There seem to be some inconsistencies in the handling of ordinal numbers. Some ordinal numbers are lemmatized as an adverb with the period (word="21.", lemma="21.", pos=ADV), some as an adverb without the period (word="21.", lemma="21", pos=ADV), and some split the number and the period, treating them as NUM and PUNCT. Just looking at the "dev" dataset:

Furthermore, the days of months situation is IMHO very similar to the English case:

Am 27. Mai On May 27th

so I would expect them to have the same treatment. Both are dates, and in both cases, the day is an ordinal number meaning "the 27th day of May".

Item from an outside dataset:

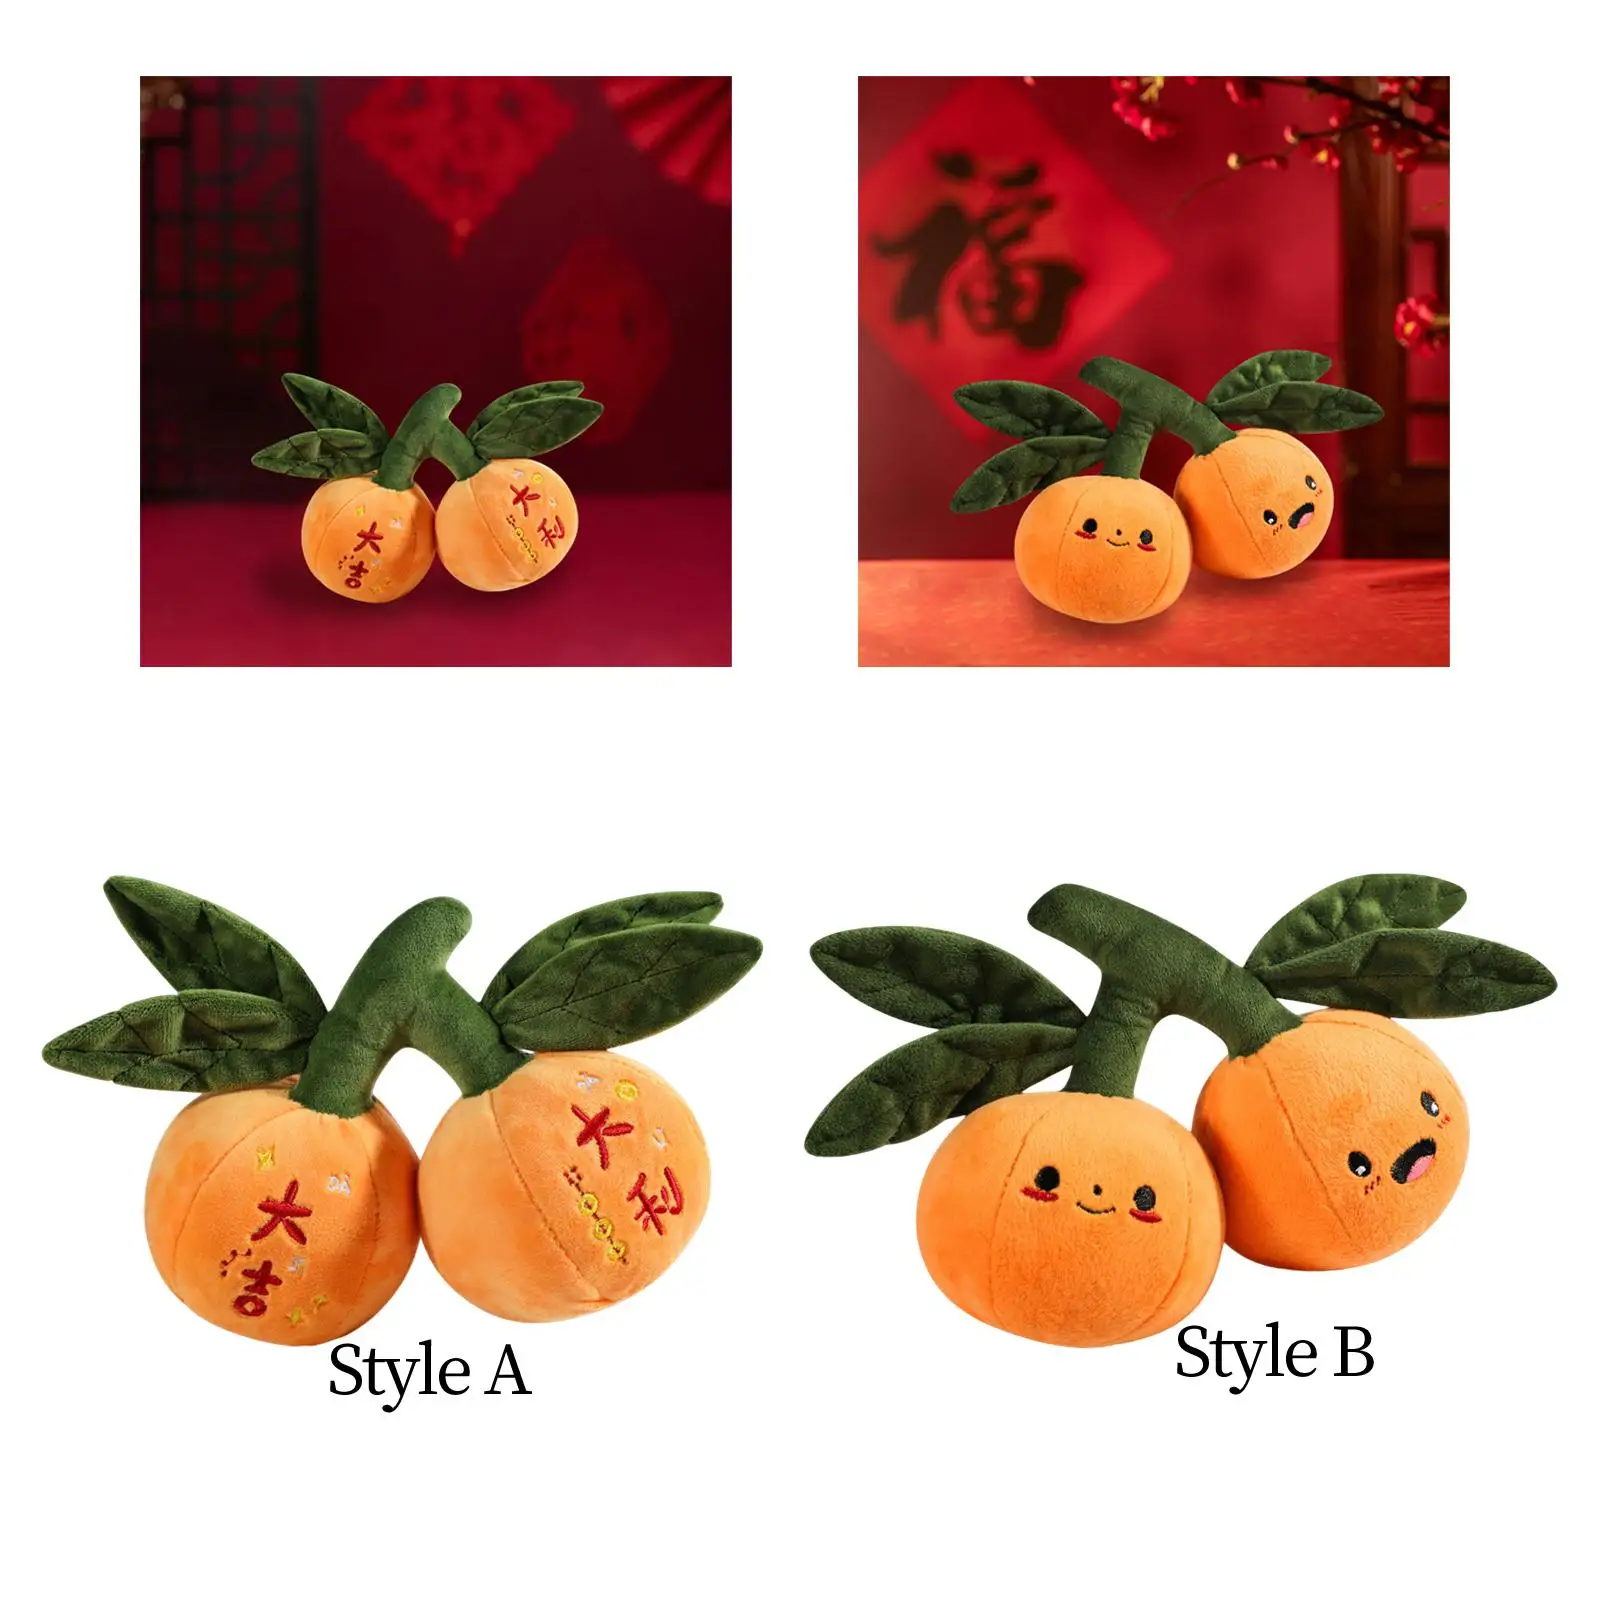 Stuffed Tangerine Toys Gifts Pretend Play Game for Car Bedroom Decorative

However, in the following English dataset, days of months seem to be lemmatized consistently as NOUN (just search the dataset for "1st", "2nd", "3rd" etc.):

https://raw.githubusercontent.com/UniversalDependencies/UD_English-EWT/master/en_ewt-ud-dev.conllu

Examples:

I was on vacation from October 4th to October 19th and I didn't submit my timesheet yet. My boyfriend's birthday is November 22nd and we are going to Del Frisco's for dinner. Just to let you all know Matt has confirmed the booking for 3rd Dec i s OK.

Shouldn't the German day-of-month ordinal numbers be treated as nouns too? What's the difference to the English case?

dan-zeman commented 2 years ago

Shouldn't the German day-of-month ordinal numbers be treated as nouns too? What's the difference to the English case?

They should be treated similarly. However, the current annotation in English is wrong. They are definitely not nouns. Ordinal numerals are generally tagged as adjectives, with the additional feature NumType=Ord (see ADJ).

The inconsistencies in German should now be fixed in the dev branch. The fixes will be propagated to the next UD release.